What this task involves - Take the line containing "Impacto Ergonomic Anti-Impact" and all lines after it, through the end of the material, and repeat them exactly, pictures left out.

(Recorded information)

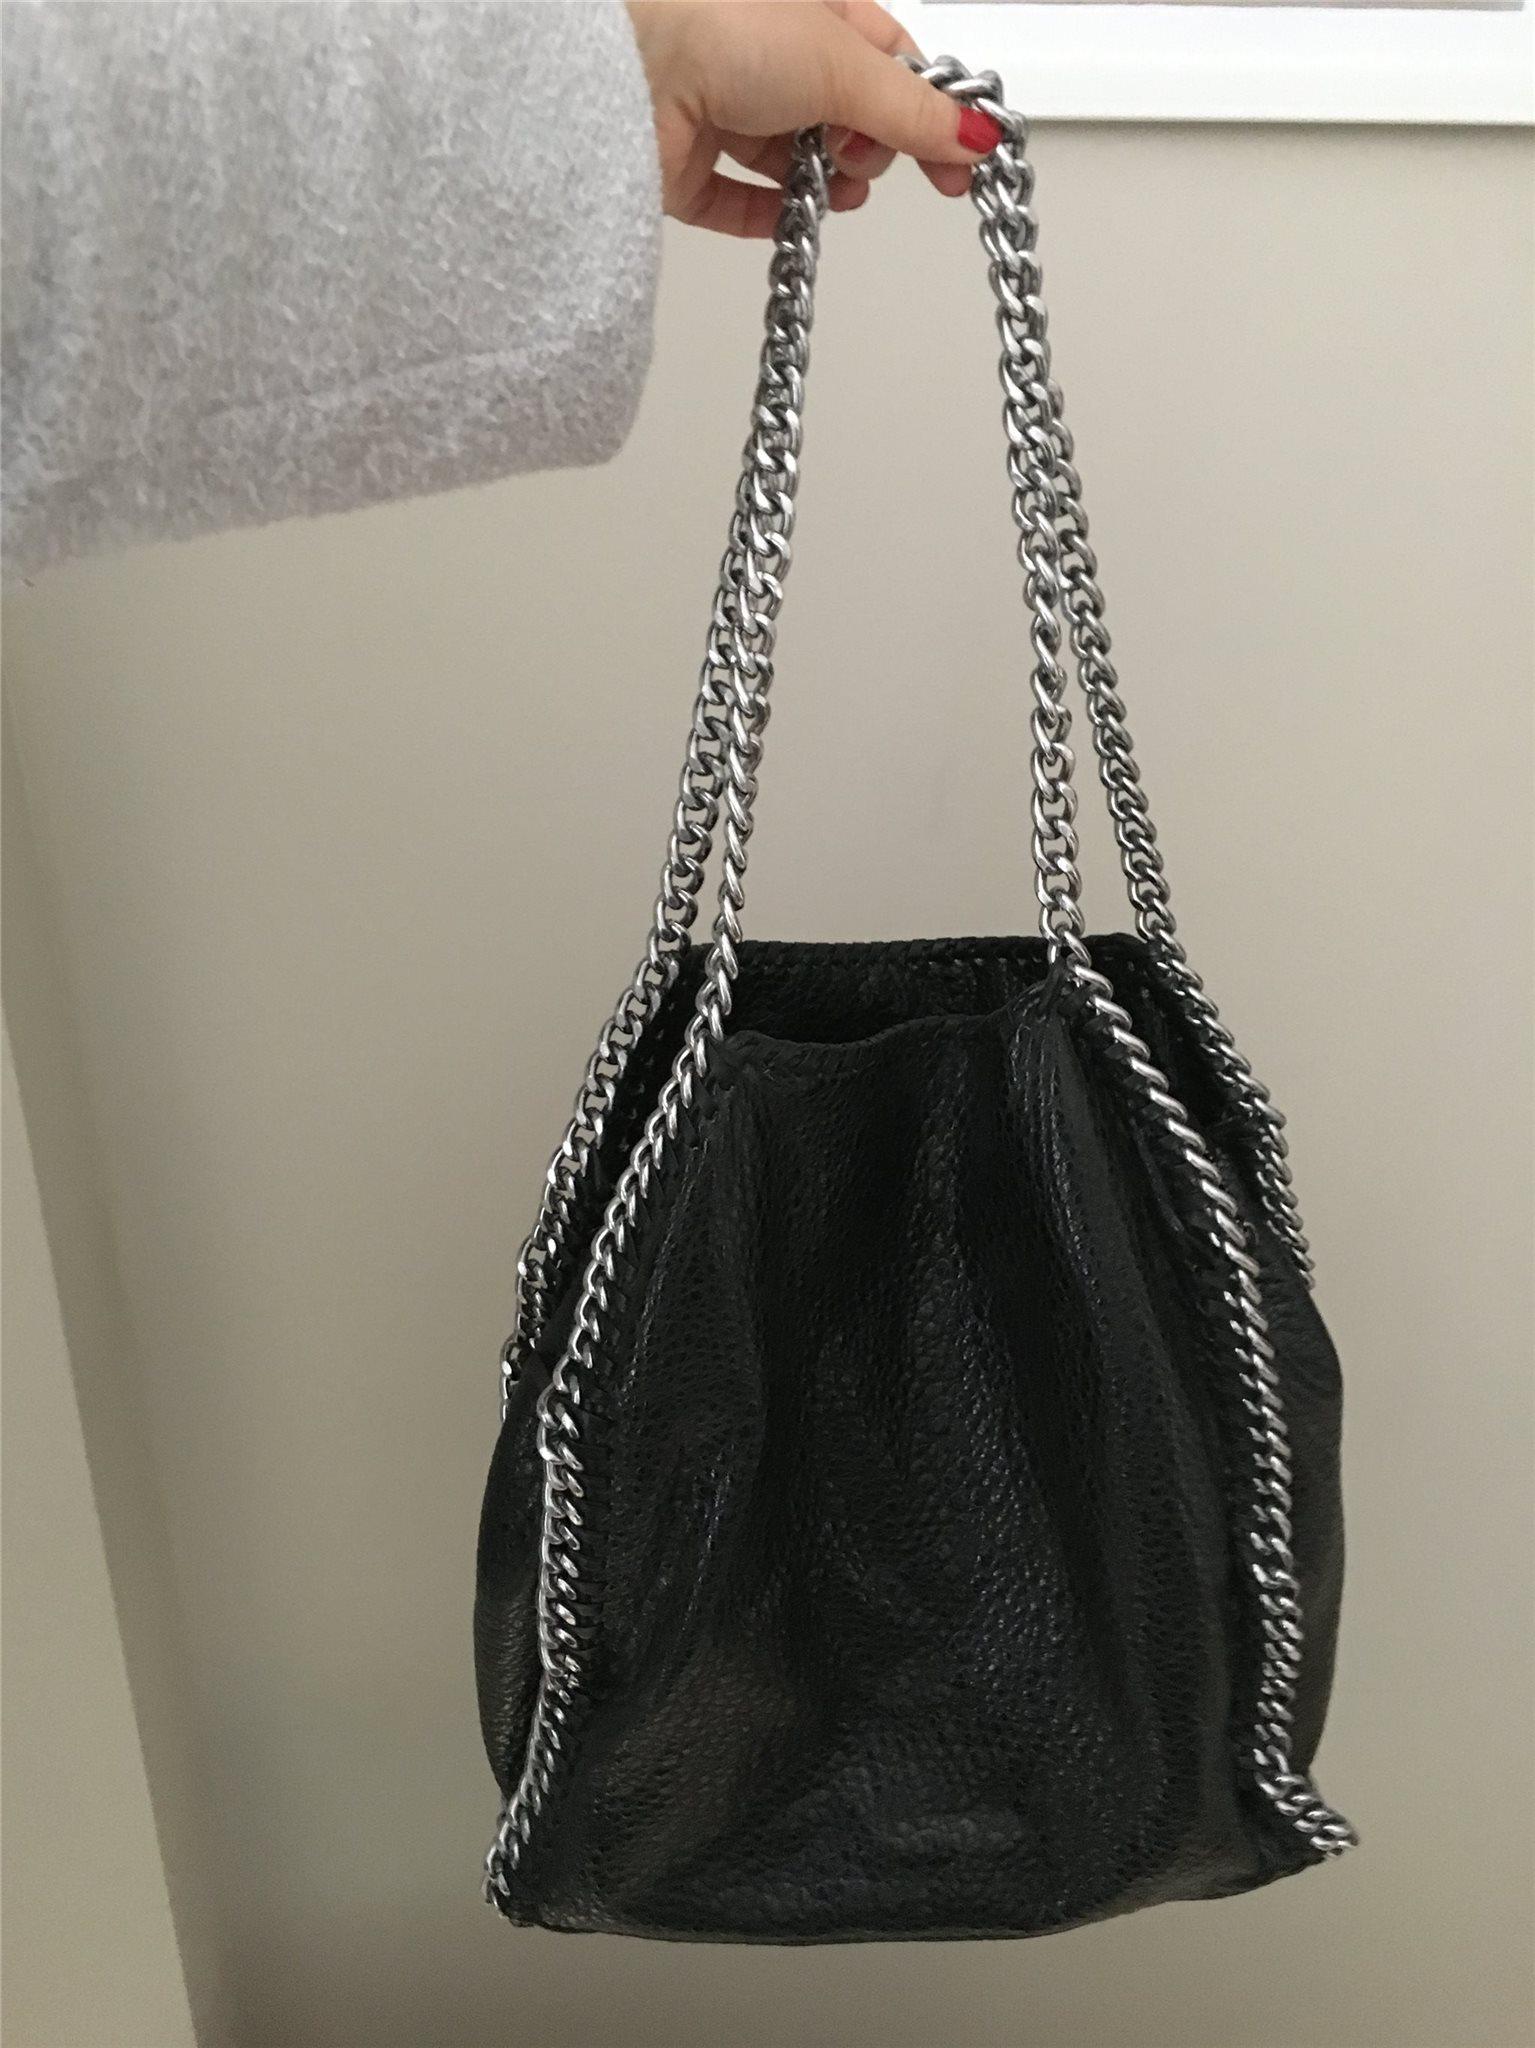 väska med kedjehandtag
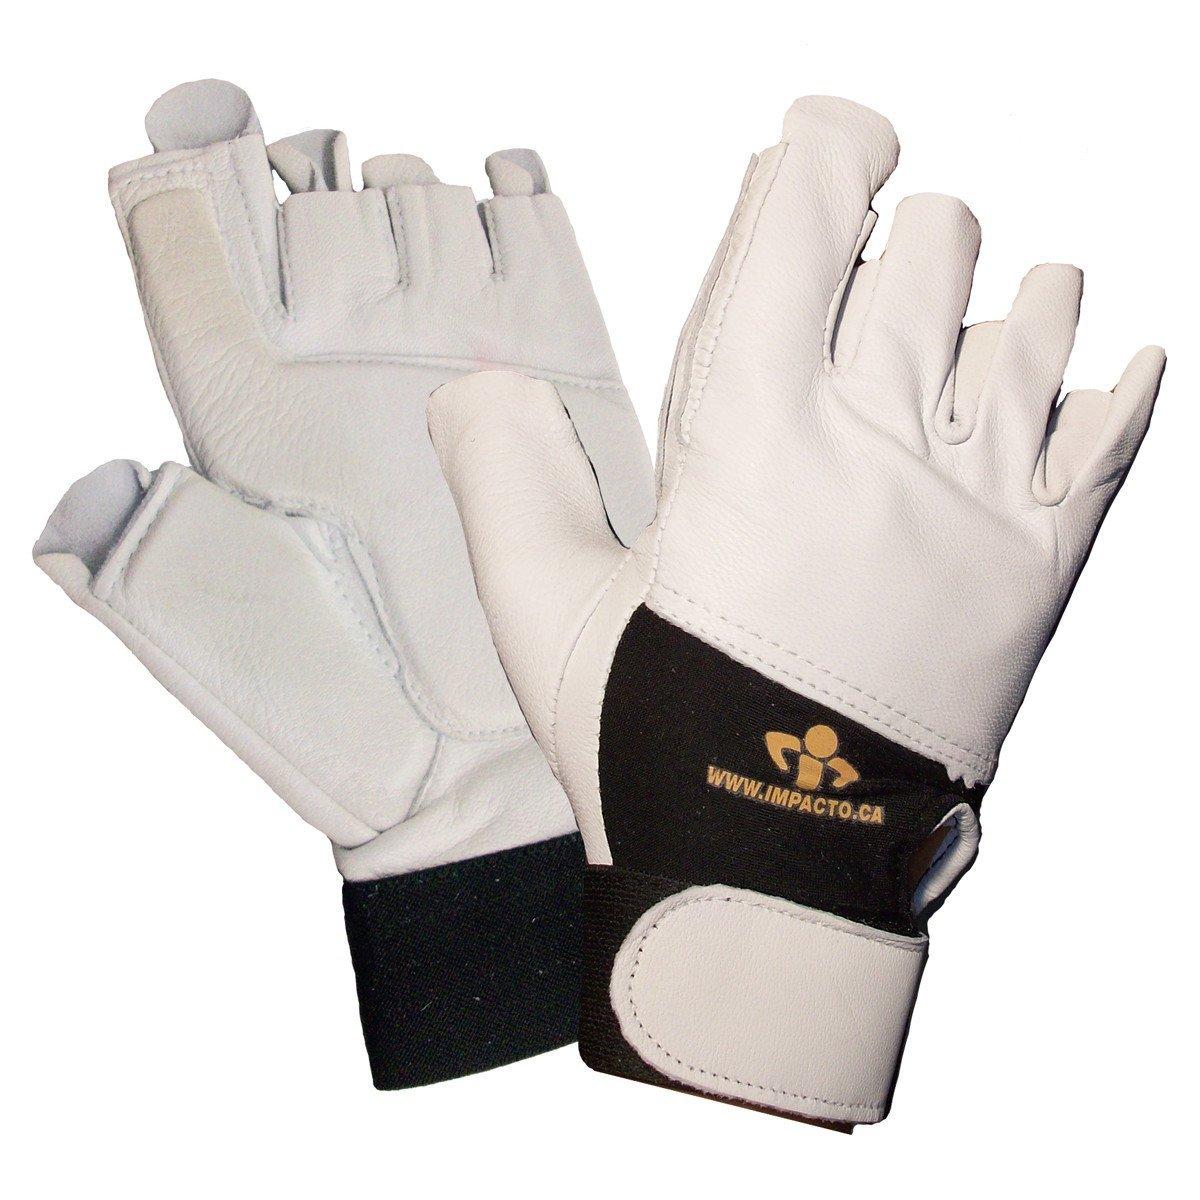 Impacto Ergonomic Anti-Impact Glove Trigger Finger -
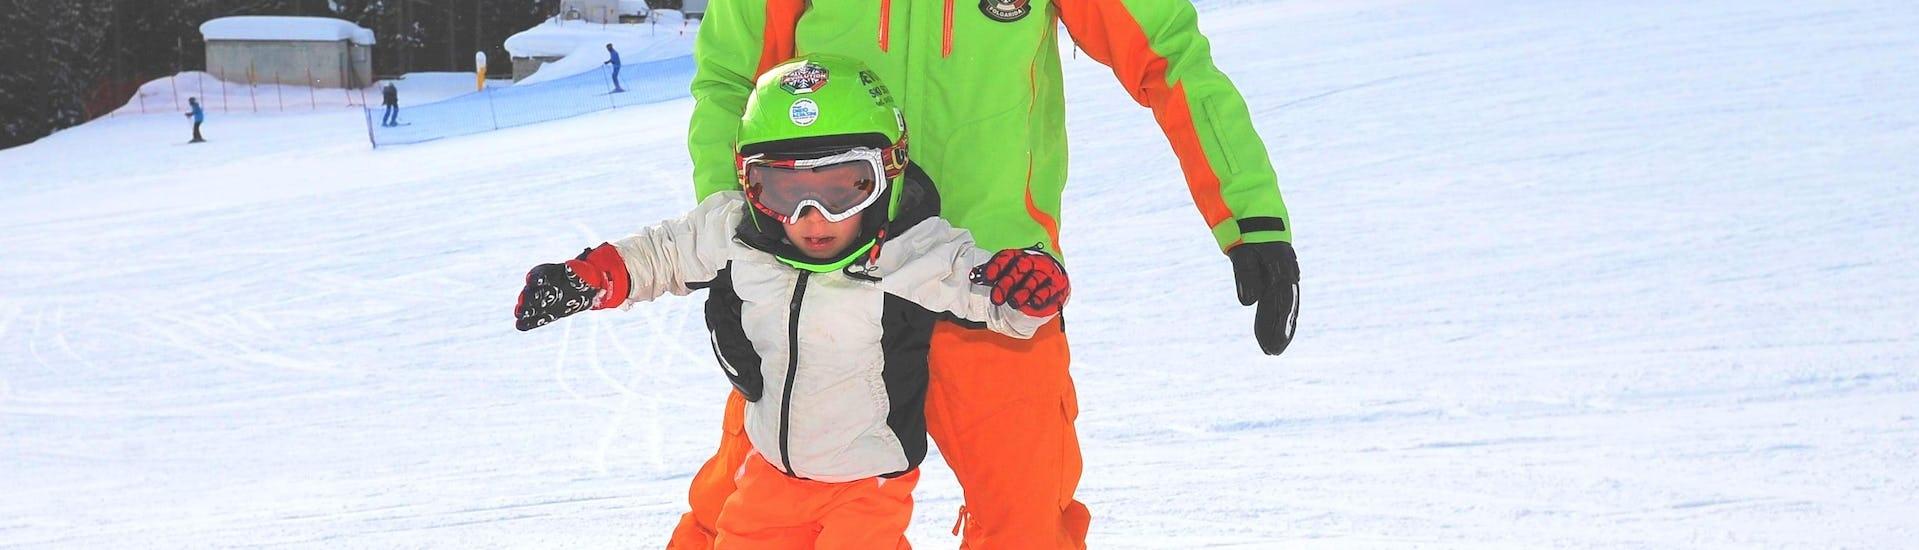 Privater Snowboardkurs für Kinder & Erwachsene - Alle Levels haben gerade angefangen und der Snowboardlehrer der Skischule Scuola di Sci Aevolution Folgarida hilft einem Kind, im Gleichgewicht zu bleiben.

(End Recorded information)

Result of this task -
 Impacto Ergonomic Anti-Impact Glove Trigger Finger -
 Privater Snowboardkurs für Kinder & Erwachsene - Alle Levels haben gerade angefangen und der Snowboardlehrer der Skischule Scuola di Sci Aevolution Folgarida hilft einem Kind, im Gleichgewicht zu bleiben.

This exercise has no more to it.